Premier Zhu Rongji's green work report has provided a boost for campaigners struggling to preserve China's few remaining wetlands and their wildlife.

Under the rule of Chairman Mao Zedong, China drained large areas of marsh and lake land to grow grain, a scheme that allowed millions to be settled in newly-ploughed regions in Manchuria.

In principle, China has 1,227 natural protection zones, including 165 national ones, covering 9.9 per cent of the country's total land area, but in practice many of the curbs have been ignored.

Gong Zheng, an NPC deputy, is one of those who has submitted a series of proposals demanding tougher legislation such as a Law Regarding Construction and Management of Nature Reserves and Ecological Demonstration Zones. He complains that China's famous white cranes which used to winter in vast numbers on Boyang Lake in Jiangxi are dwindling in numbers as their habitat disappears.

Under Mr Zhu's instructions, a million people have moved out of land along the Yangtze and smaller scale relocation is being conducted along the Huaihe and other rivers to widen the flood plain.

Four major Chinese wetlands of global importance are being helped with outside funds. The largest is the 100,000 hectares of the Sanjiang plain in Heilongjiang province. The plain's five million hectares had been largely drained in the past 40 years to provide land for eight million people.

Other key areas are the Ruo-ergai marshes on the borders between Sichuan and Gansu, the Yancheng coastal marshes along the coast of Jiangsu, and the Dongting Lake in Hunan.
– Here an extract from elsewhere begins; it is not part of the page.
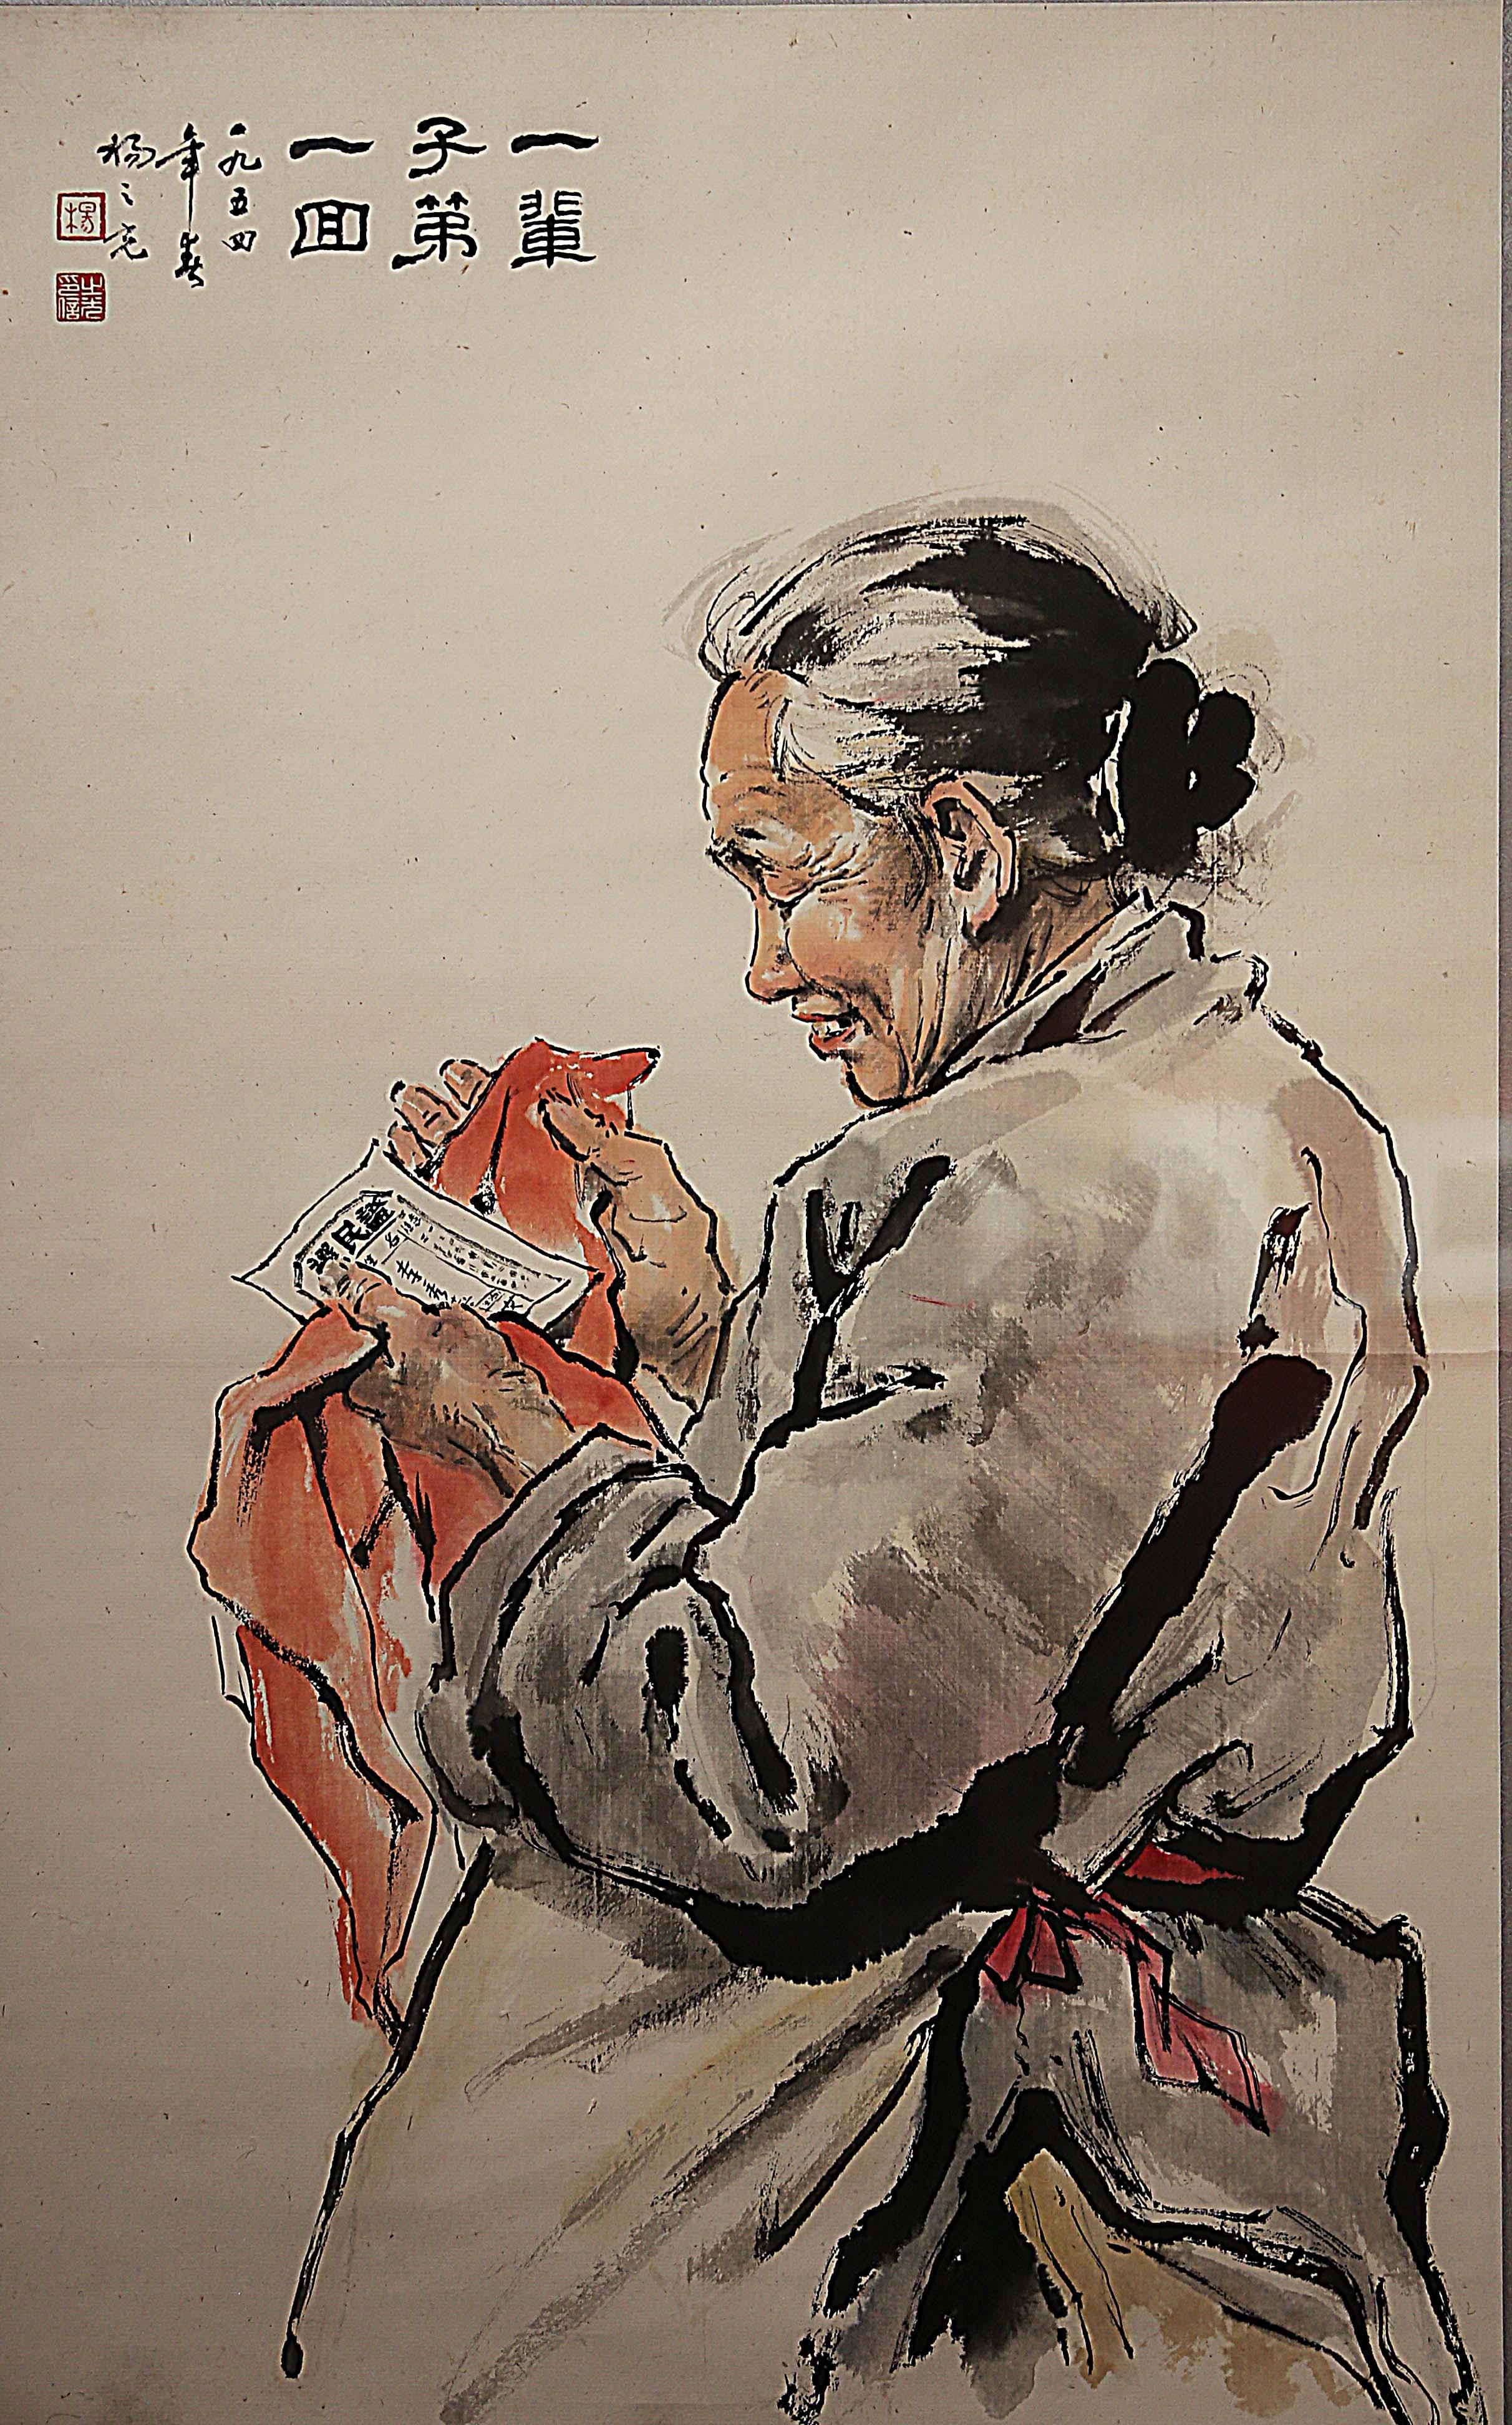 杨之光《一辈子第一回》中国画 1954年 广州艺术博物院藏

Ironically, as China makes such tentative moves, the 10th Five-Year Plan includes several schemes to solve water shortages. Jilin will divert water from the Songhua to keep in new reservoirs that are planned.

Sichuan intends to build the 6.2 billion yuan (HK$5.8 billion) Dujiang Dam, to create the Zipinghu reservoir and provide water for irrigation. Xinjiang will try to restore the Tarim River in its southern region, recreating its lakes and natural vegetation.

Premier Zhu has also boosted the efforts of the State Administration of Forestry with a budget of 3.6 billion yuan. It has set itself the target of restoring 330,000 hectares of farmland to forest and grassland this year. Trees or grass are to be planted on a further 490,000 hectares of barren land.

The programme aims to cut the sedimentation entering the Yangtze and Yellow rivers and among the beneficiaries will be farmers living around Dongting and Boyang lakes who will be compensated with state grain to offset the loss of their land.

With northern China short of water, the centrepiece of the Government's efforts to solve the country's water crisis is the approval of the south-to-north water diversion project.

Yet there is also a conflict brewing between East and West. The arid West has to retain more of its water resources to develop.

The Ministry of Water Resources says it has a new plan to build 17 million pools containing 40 cubic metres to help 20 million people in western China over the next 10 years. One NPC delegate even suggested it would be possible to bring an additional 60 billion tonnes of water to China every year with a grand artificial rain programme.

Many delegates, including one from Chongqing, are clearly uneasy about the giant engineering feat of diverting water from the Yangtze until the country has devoted sufficient resources into treating and recycling existing water supplies.